Reputation: 45921
I want to develop an Java application that can detect the user logged on a Windows Domain. These credentials are going to be used to logging on the Java application running on Tomcat.
How can I do this? I want to know the remote user accessing my web app. This user is logged on in Active Directory.
Upvotes: 8
Views: 10047
Reputation: 45921
This is my solution:
Put jcifs-1.2.7.jar on [TOMCAT_HOME]/common/lib directory.
Modify application's web.xml adding the followin text to section webapp:
<filter>
<filter-name>NtlmHttpFilter</filter-name>
<filter-class>jcifs.http.NtlmHttpFilter</filter-class>
<init-param>
<param-name>jcifs.http.domainController</param-name>
<param-value>xx.xx.xx.xxx</param-value> --> Domain Controller IP
</init-param>
<init-param>
<param-name>jcifs.util.loglevel</param-name>
<param-value>2</param-value>
</init-param>
</filter>
<filter-mapping>
<filter-name>NtlmHttpFilter</filter-name>
<url-pattern>/*</url-pattern>
</filter-mapping>
And the you can get the remote user using request.getRemoteUser() whithout prompt.
See you.
Upvotes: 5
Reputation: 9
Jcifs liabrary will be surely of your help.
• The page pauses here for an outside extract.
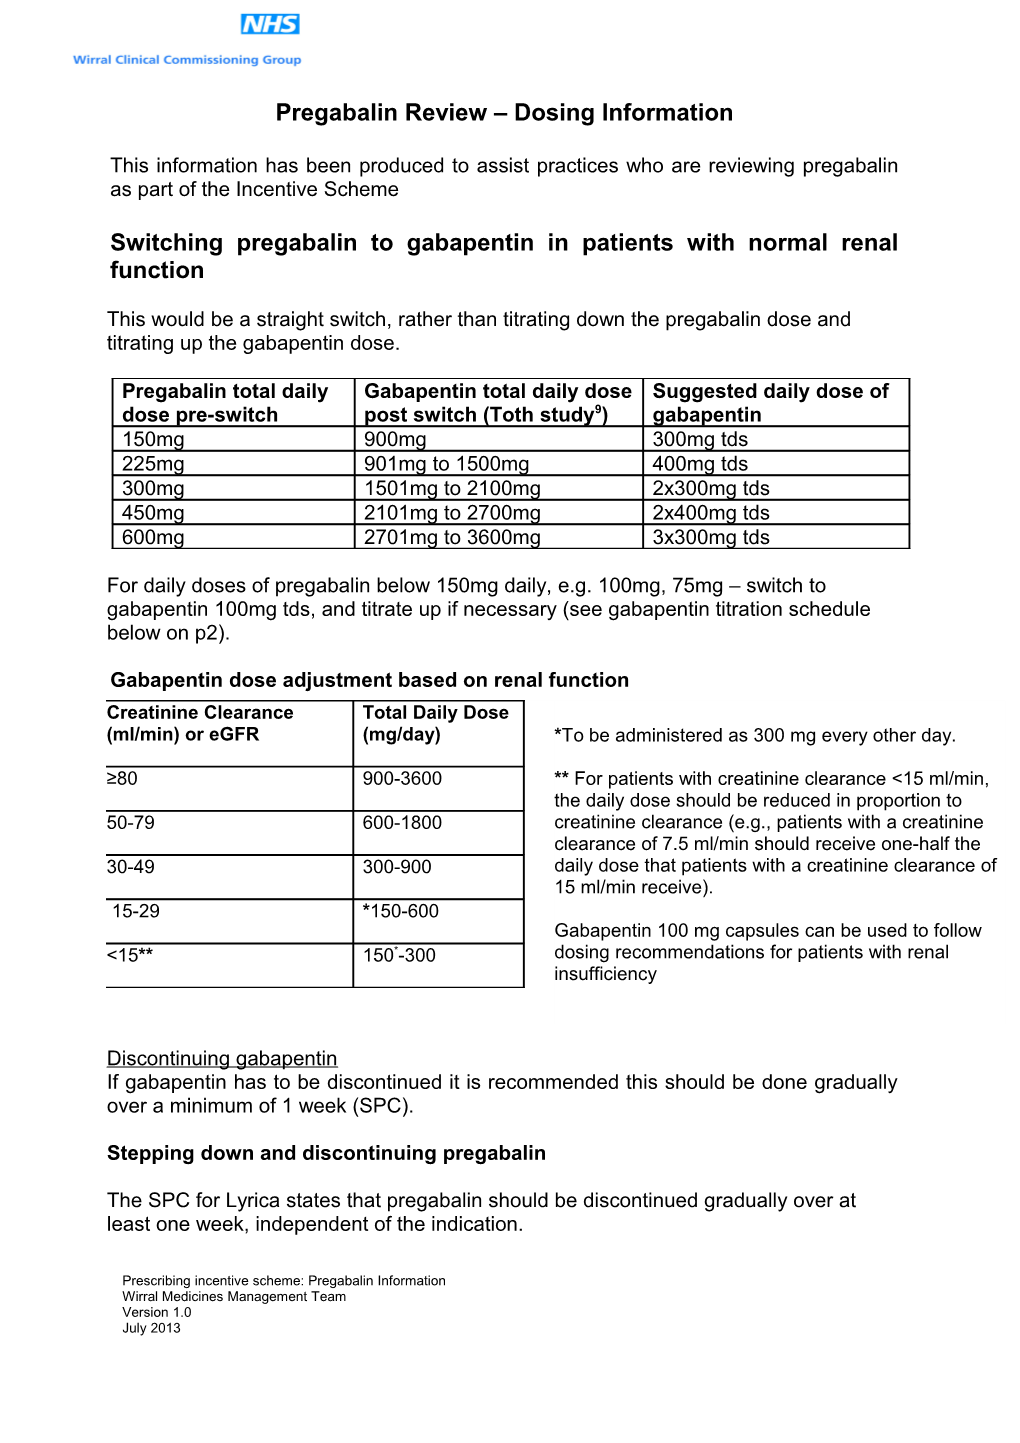 Switching Pregabalin to Gabapentin in Patients with Normal Renal Function8
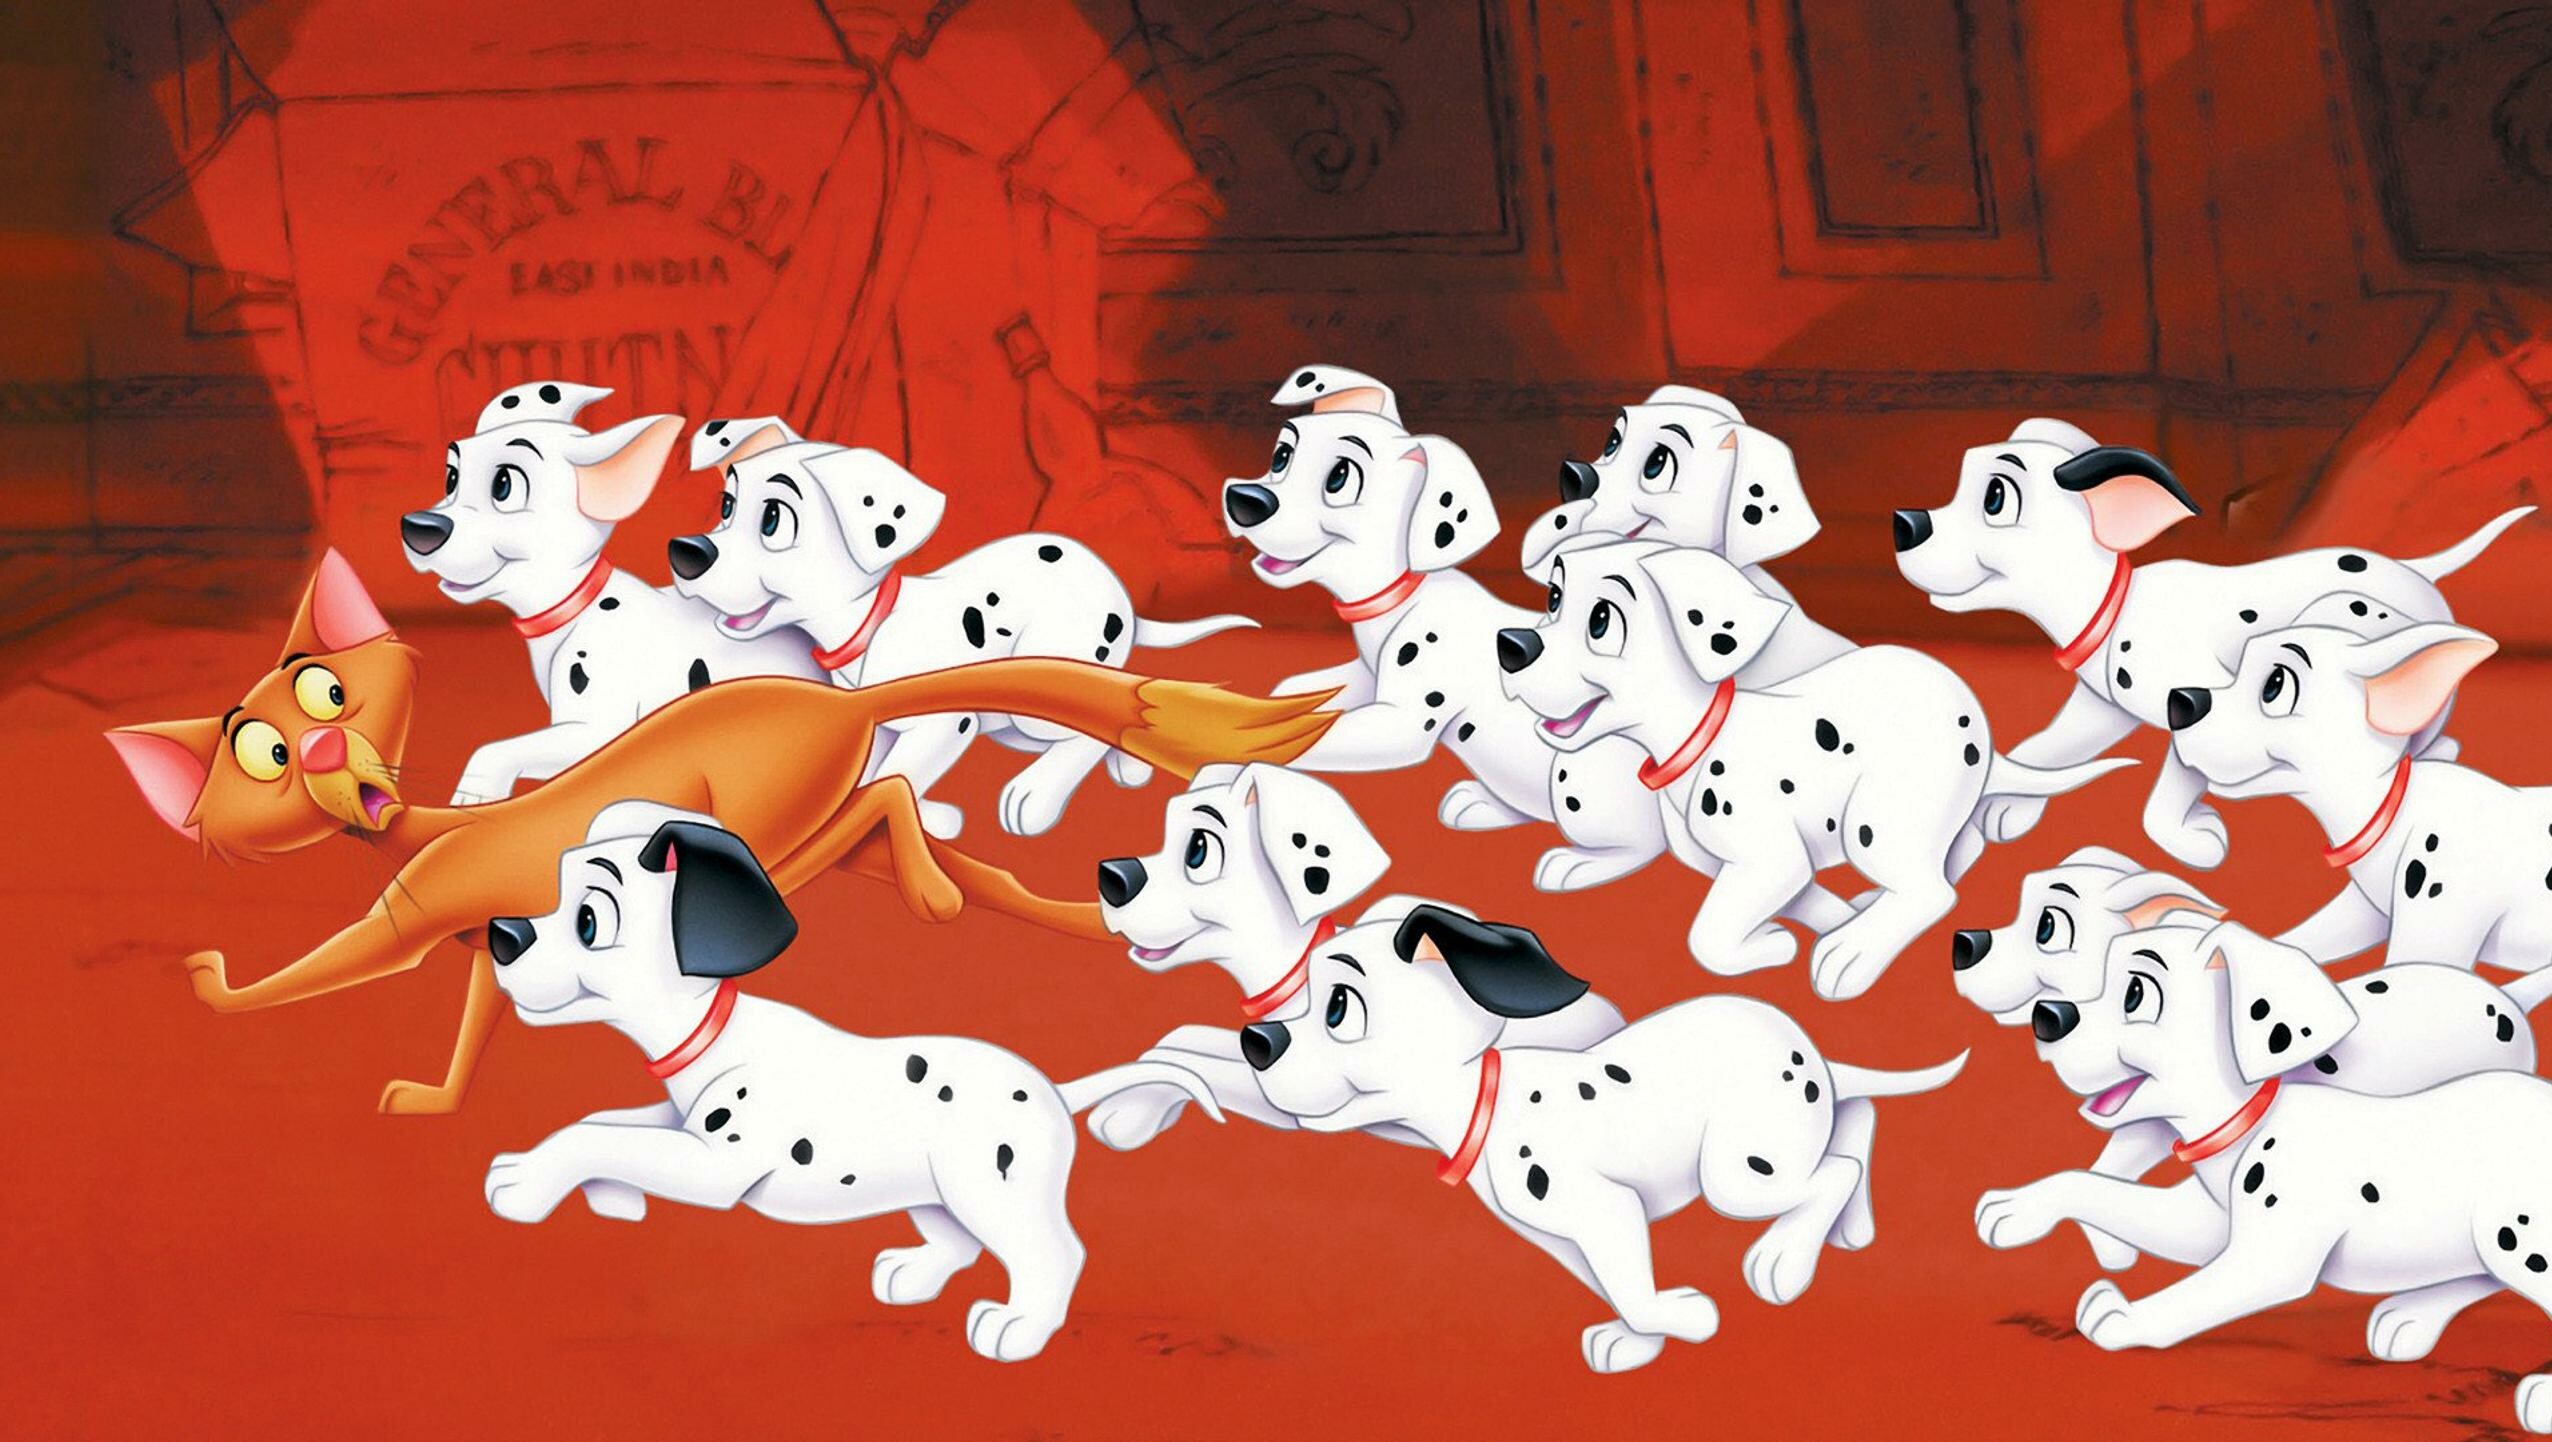 One Hundred and One Dalmatians: The film's plot follows a litter of Dalmatian puppies who are kidnapped by the villainous Cruella de Vil, who wants to make their fur into coats. 2560x1450 HD Background.

This library can be used for performing NTLM authentication.
Upvotes: 0
Reputation: 2668
I recall using mod_ntlm for apache did the trick for me, but that was few years ago, so I don't know what had changed since.
Upvotes: -1
Reputation: 83599
In general, you can hook into the local authorization service using Java Authentication and Authorization Service. That might do what you want.
That said, are you sure this is the right way to go? What do you want to accomplish? Are you looking for a single-signon solution for the webapp?
Then this: How to configure Tomcat to use Windows NTLM authentication? might be what you are looking for, as proposed by Steve Read in the comment above.